History in Taiwan’s capital has unfolded like a foreign-affairs soap opera. In the 1500s, mainland Chinese, mostly from Fujian Province, began to move here to farm. But the newcomers clashed with the locals, dozens of tribes with their own languages and cultures. Then, in the 17th century, the Dutch moved in. Then a Chinese faction, hostile to the new Qing dynasty that ruled the mainland, threw them out. Then the Qing army conquered the Chinese in Taiwan and put the island up for sale. When they couldn’t find a buyer, they kept it until 1895, when Japan seized the land — and things got really complicated.

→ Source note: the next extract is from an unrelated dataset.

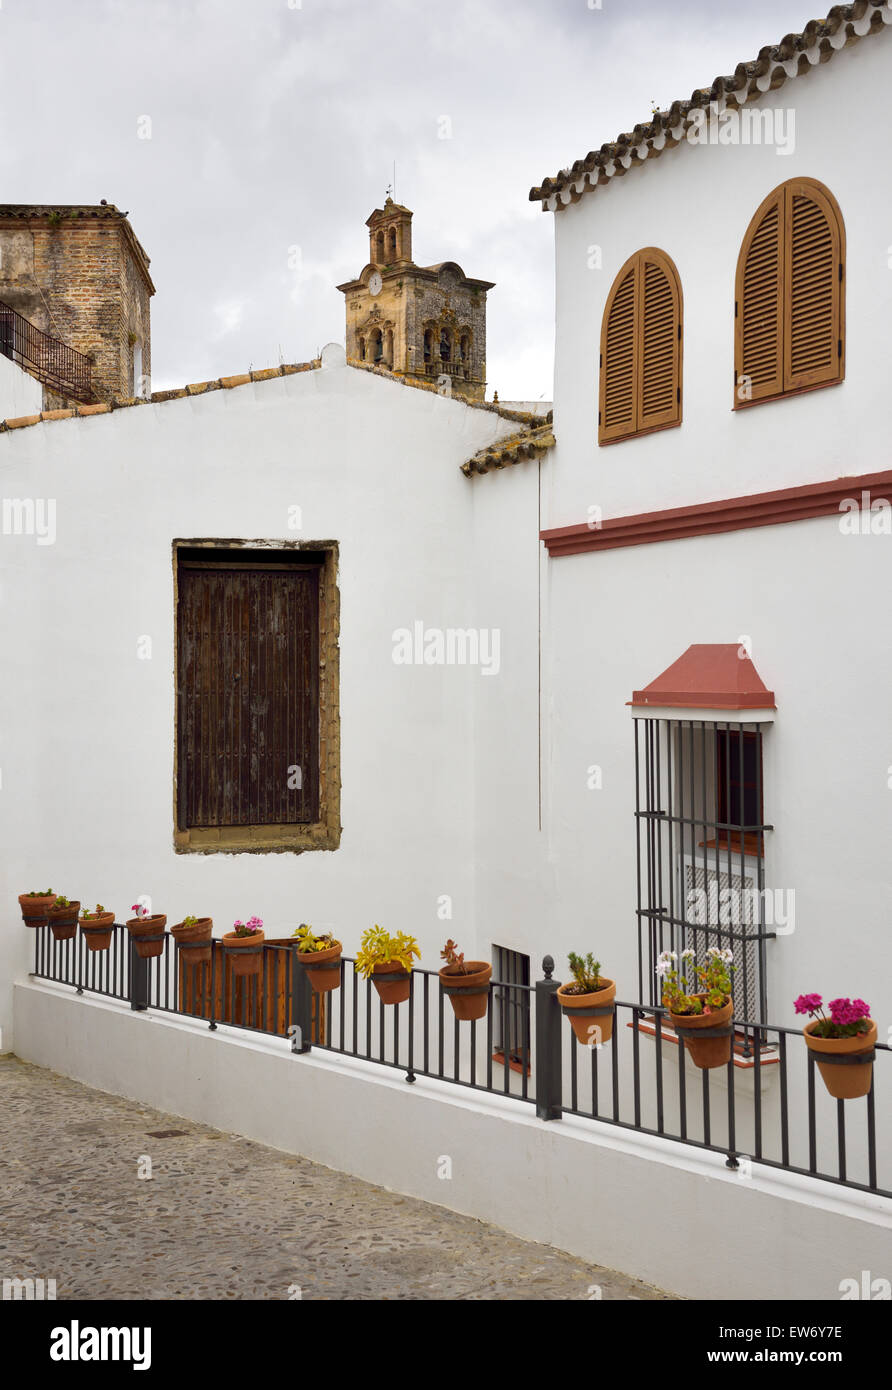 Kirche des Heiligen Petrus Glockenturm mit weiß getünchten Häusern und Blumen in Ton Töpfe Arcos De La Frontera Spanien Stockfoto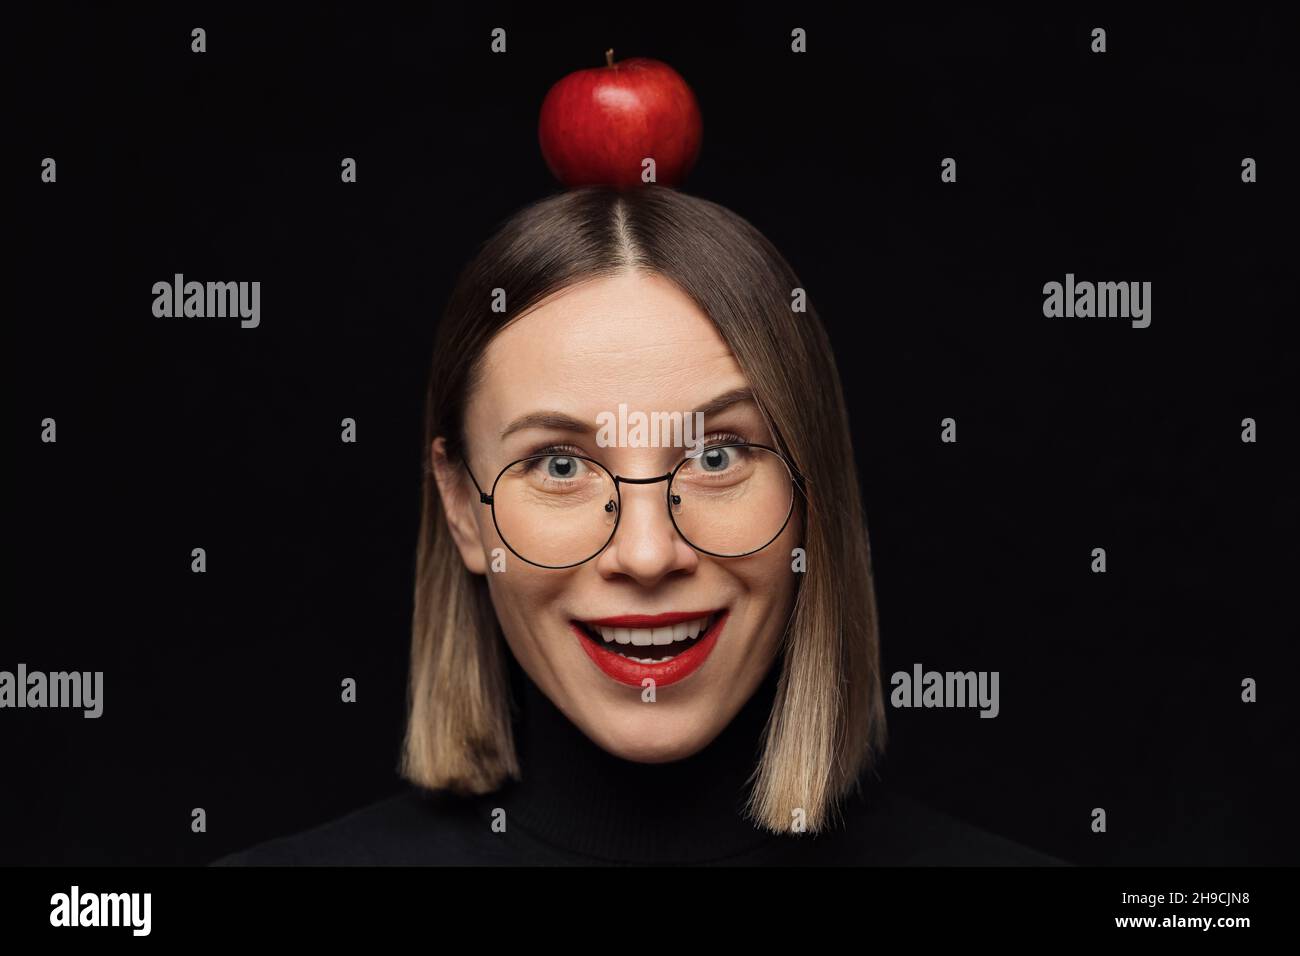 Gros plan surprise femme portrait portant des lunettes avec des cadres noirs, avec des lèvres rouges, regardant l'appareil photo avec une pomme rouge sur la tête sur fond noir. Banque D'Images

It’s more than history to Chien. He explained that he spoke Taiwanese as a young boy, in the 1930s. (Taiwanese is related to the local tongue of Fujian Province; just how closely related is, you guessed it, political.) But Chien had to give up Taiwanese for Japanese during elementary school — when imperial Japan was trying to scrub the island clean of native and Chinese influences. When China reclaimed Taiwan after World War II, Japanese was banned, so as a young man Chien got to work on the new national language, Mandarin Chinese.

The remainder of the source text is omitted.